My first river cruise was pretty well perfect, even if the vessel, a converted working barge, was somewhat basic. The captain was also barman and tour guide, his girlfriend was the waitress and made the beds, and the chef doubled as boatman.
We were a merry band of fewer than 20, the food was good, the wine endless and the entertainment was the glorious French countryside.
What more could you want? Well, one captain was so fond of the hokey-cokey he had the passengers up and at it every night.
These days there are river boats almost everywhere, some with speciality restaurants and professional entertainers. And they are bigger, carrying almost 200 passengers, and so wide they are restricted to major rivers like the Rhine, and they don’t do locks.
But, as you might have gathered from chef Rick Stein’s entertaining TV series filmed on the Anjodi while cruising the Canal du Midi, there is a lot of charm to be found on a small vessel chugging serenely on a winding river, or along a canal where you can hop off for a bike ride.
I have just been on the Panache, a sister ship to Anjodi and both from European Waterways. While most barge cruises in northern France start with hotel pickup in Paris, our itinerary began in the city itself with a delightful cruise under the city’s romantic bridges. We dined while under way and slept close to the Eiffel Tour.
Breakfast in Paris, ooh la la, and that means we had baguettes, croissants and of course the ficelle, a smaller version of the baguettes, from a local boulangerie. For some of us, France is all about bread, cheese and wine, and as we set off down the River Seine, we soon connected to the River Marne and headed to Meaux, famous for its creamy, soft cheese.
The first lunch came with a pair of delicious Sancerre wines – a chilled white with a tender chicken Milanese, and a silky red with two cheeses, a Tomme and the delicious Brillat Savarin.
Other wines and cheeses were flourished each day covering the best of France. Add to that the fresh baguettes bought every morning and I am reminded that not everything afloat is as good as this.
For a start the Panache is like a private yacht with just six cabins, we had our own chef, an obliging hostess who poured drinks (all included) and made our beds, and an executive-size bus for daily trips.
Panache is typical of the bijou boats in European Waterways’ fleet. Some of the 17 carry more, some even fewer. There is never a queue to get off. Panache, like most hotel barges, is a former working barge, some of which were horse drawn and carried coal and steel. Panache got lucky when a wealthy Belgian chose her for a superb conversion featuring a magnificent granite table.
We did not see many working vessels on the Marne, these days a blissful way to cruise from Paris to the Champagne region.

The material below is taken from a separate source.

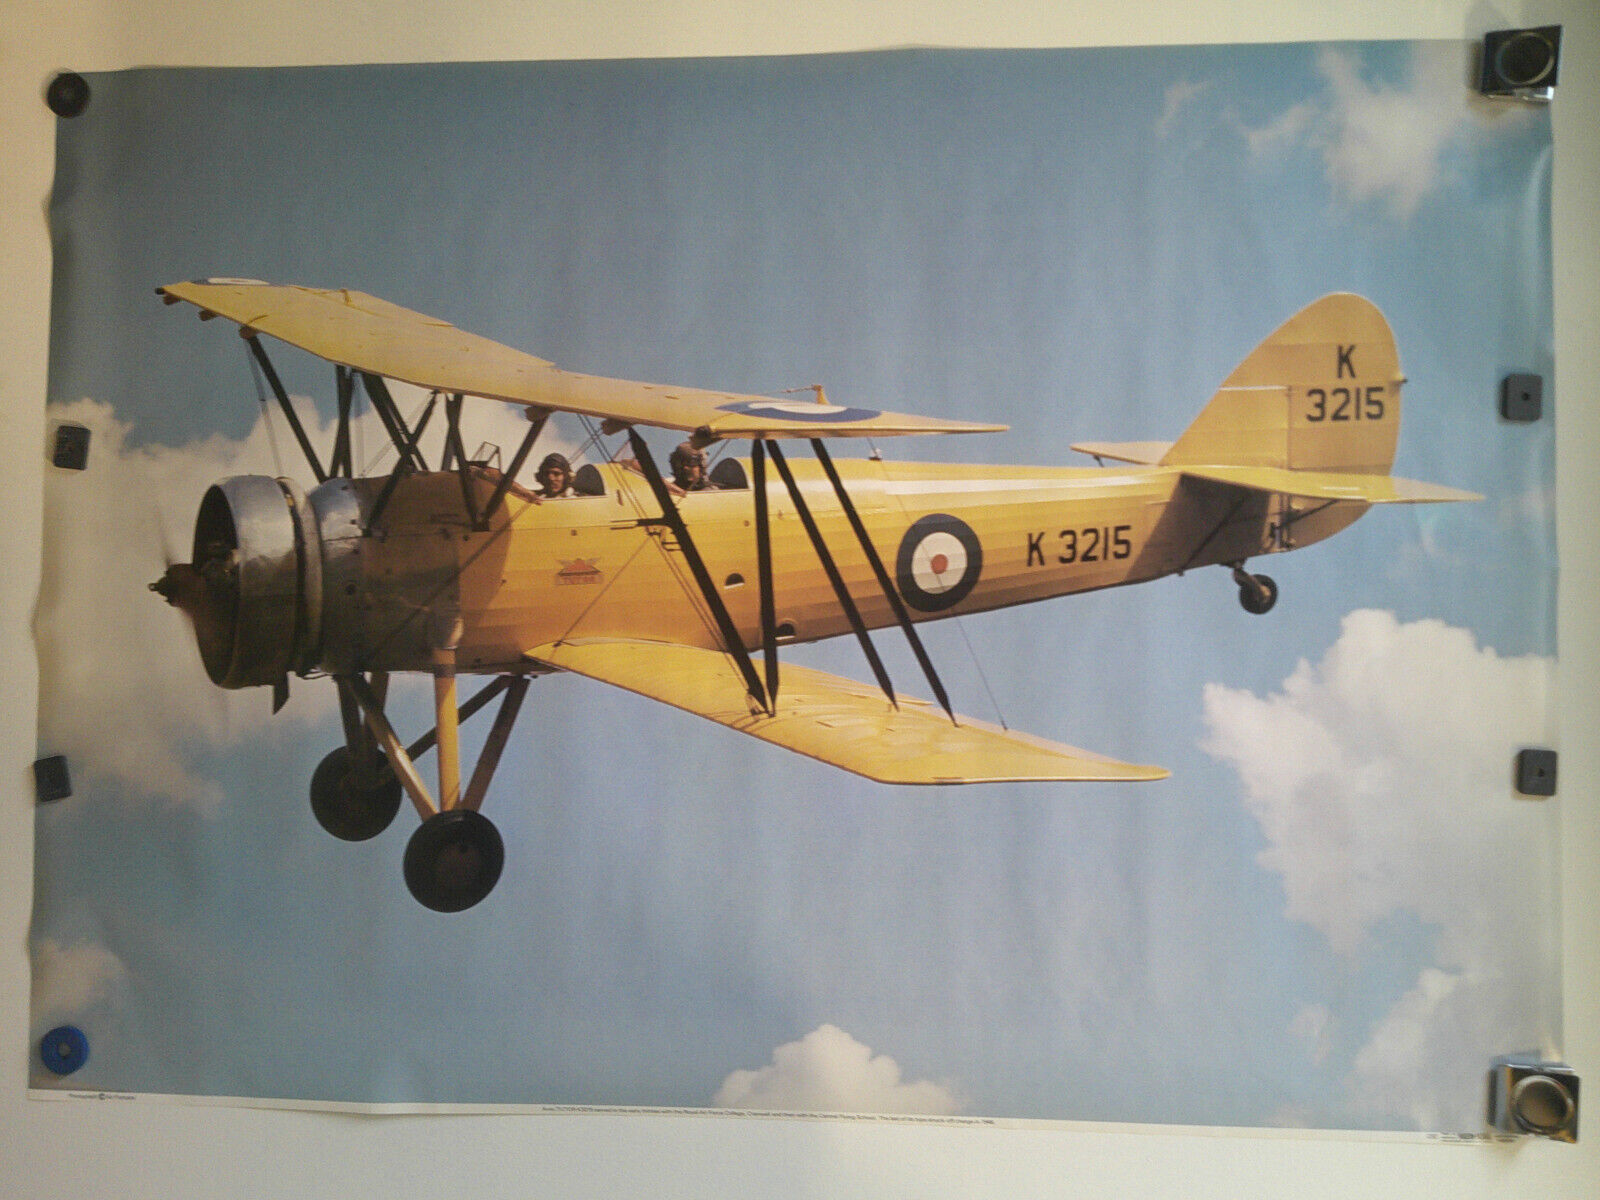 PLAISTOW PICTORIAL #C92 AVRO TUTOR SHUTTLEWORTH COLLECTION POSTER 25\
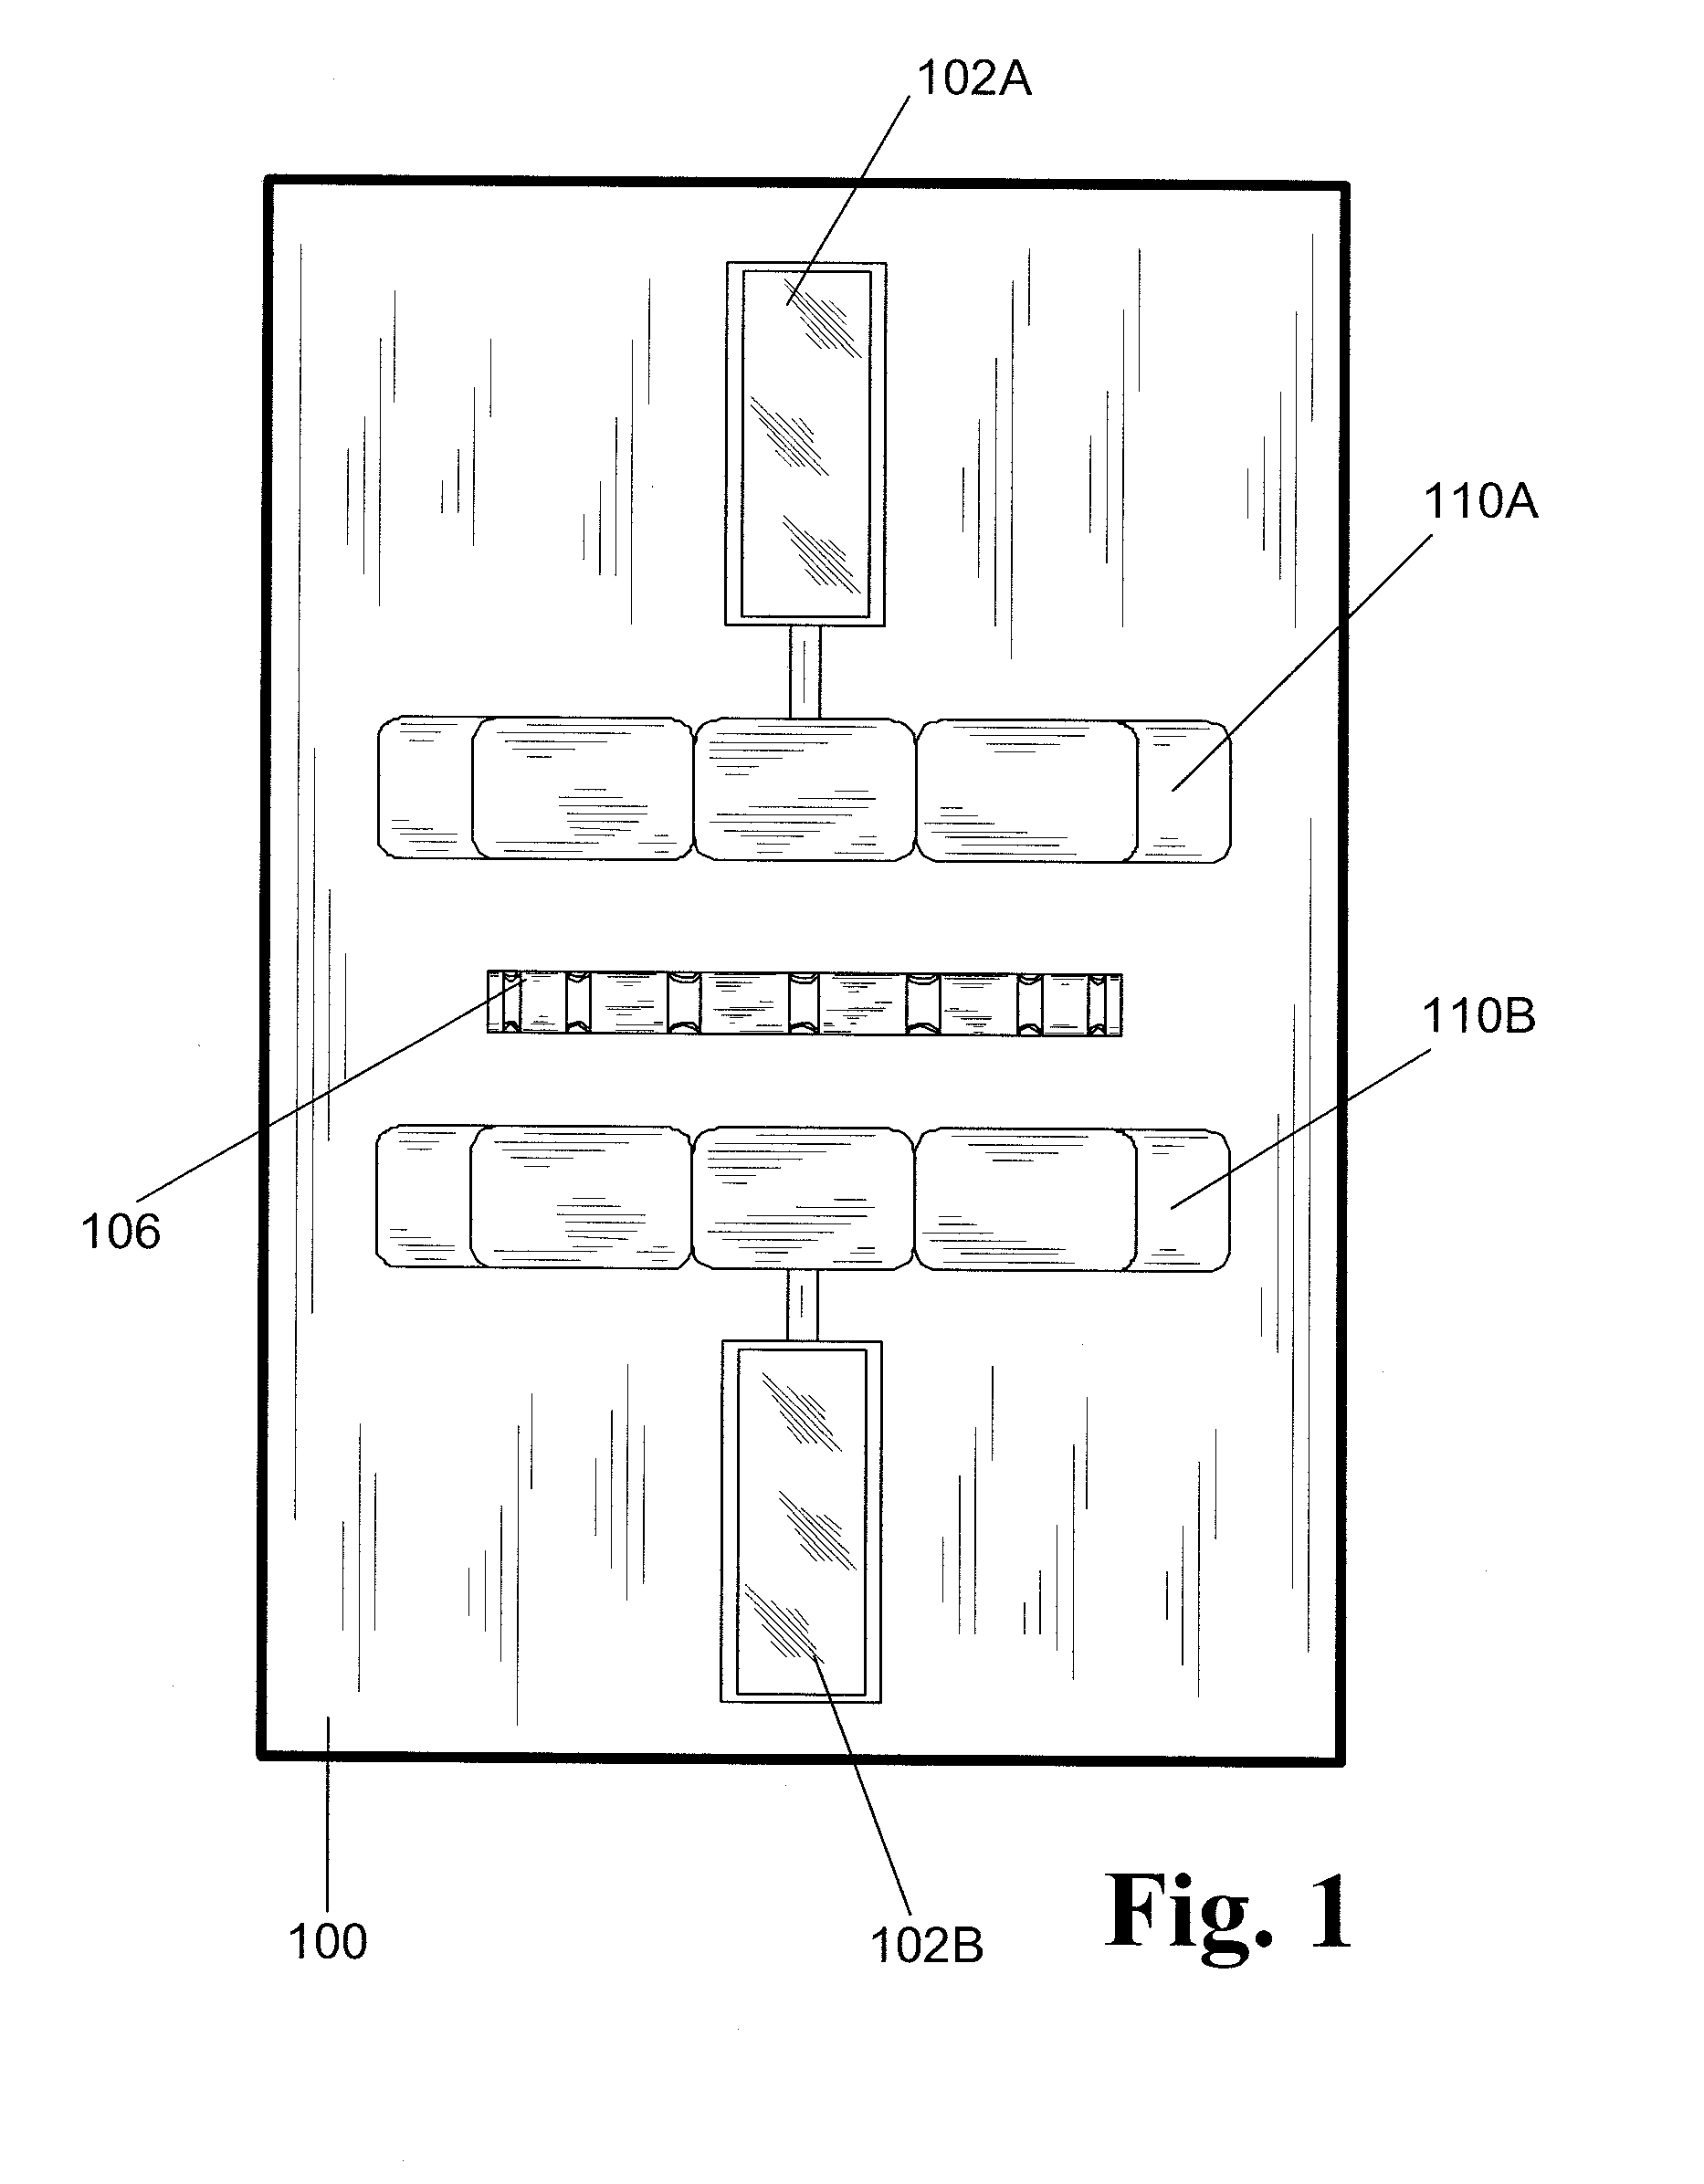 Method of configuring a production line to mass customize shaped vessels

The peace was shattered in 1914 when the German army burst through Belgium and was poised to cross the Marne when the French army held its ground but lacked transportation for fast reinforcements. Famously, an appeal was made to Paris cabbies, who ferried an army in convoys of taxis. The Germans retreated and the cabbies were hailed as saviours.
The Germans struck hard again in 1917 but were defeated by the newly arrived Americans in the bloody battle of Belleau Wood. We had a visit to the impressive Museum of the Great War near Meaux, which has chilling recreations of the trenches.
We got to stretch our legs with a visit to one of France’s finest chateaux, Vaux-le-Comte, which has many rooms with period furniture, not a few stairs, sprawling manicured gardens later copied at Versailles, and quite a history.
The chateau was built in 1661 by Louis XIV’s finance minister, Nicolas Fouquet, who threw a sumptuous opening party with the king as guest of honour. In fact it made such an impression on the king that a few weeks later he sent none other than the musketeer d’Artagnan to arrest Fouquet for embezzlement, and Fouquet spent the rest of his life in jail.
Vaux-le-Comte had its ups and downs over the years but after three generations of ownership by the de Vogue family it is one of the leading privately owned chateaux, and a feature of visits to the Champagne country.
And it was all about Champagne from now on – sweeping hillsides all around dressed with vines, all thanks to the monk Dom Perignon. Well, there were others who clearly did not spend all their time in prayer, as we learned in a visit to the Hautvilliers abbey where Dom Perignon lies under a marble slab, but he was the man who turned a bland wine into something with bubbles, and became a legend.
Panache tied up within walking distance of the handsome and historic town of Chateau Thierry, and we had a visit to the Pannier Champagne house, which offered an in-depth, literally, tour of its extensive limestone cellars. In times of war, many good vintages were stored in sealed cellars. There was a tasting of course, a very liberal one I might add, and on returning to Panache it was Champagne all round. One evening, two guitar players joined us for a session of gypsy jazz.
Sadly the weather was less than brilliant, but I never had a dull moment. The galley was always open for passengers wanting cooking tips, and one day the chef put on a special cooking show.
He certainly deserved a night off, and so it was we drove through the Champagne town of Epernay to a Relais & Chateau restaurant for a meal hosted by European Waterways. The dining room was beautiful and came with views of vineyards and a glorious rose garden.
Then Reims, whose magnificent cathedral has seen French coronations since the 5th century.
In the afternoon, Panache moved to the canal lateral, built to deal with stretches of the river that are too tortuous for navigation, a place where Panache’s fleet of smart cycles could be unleashed.
At Conde-sur-Marne it as all over, bar the captain’s farewell dinner, when the splendid granite table saw our merry band enjoying the chef’s best. There were buckets of Champagne, and we all slept tight.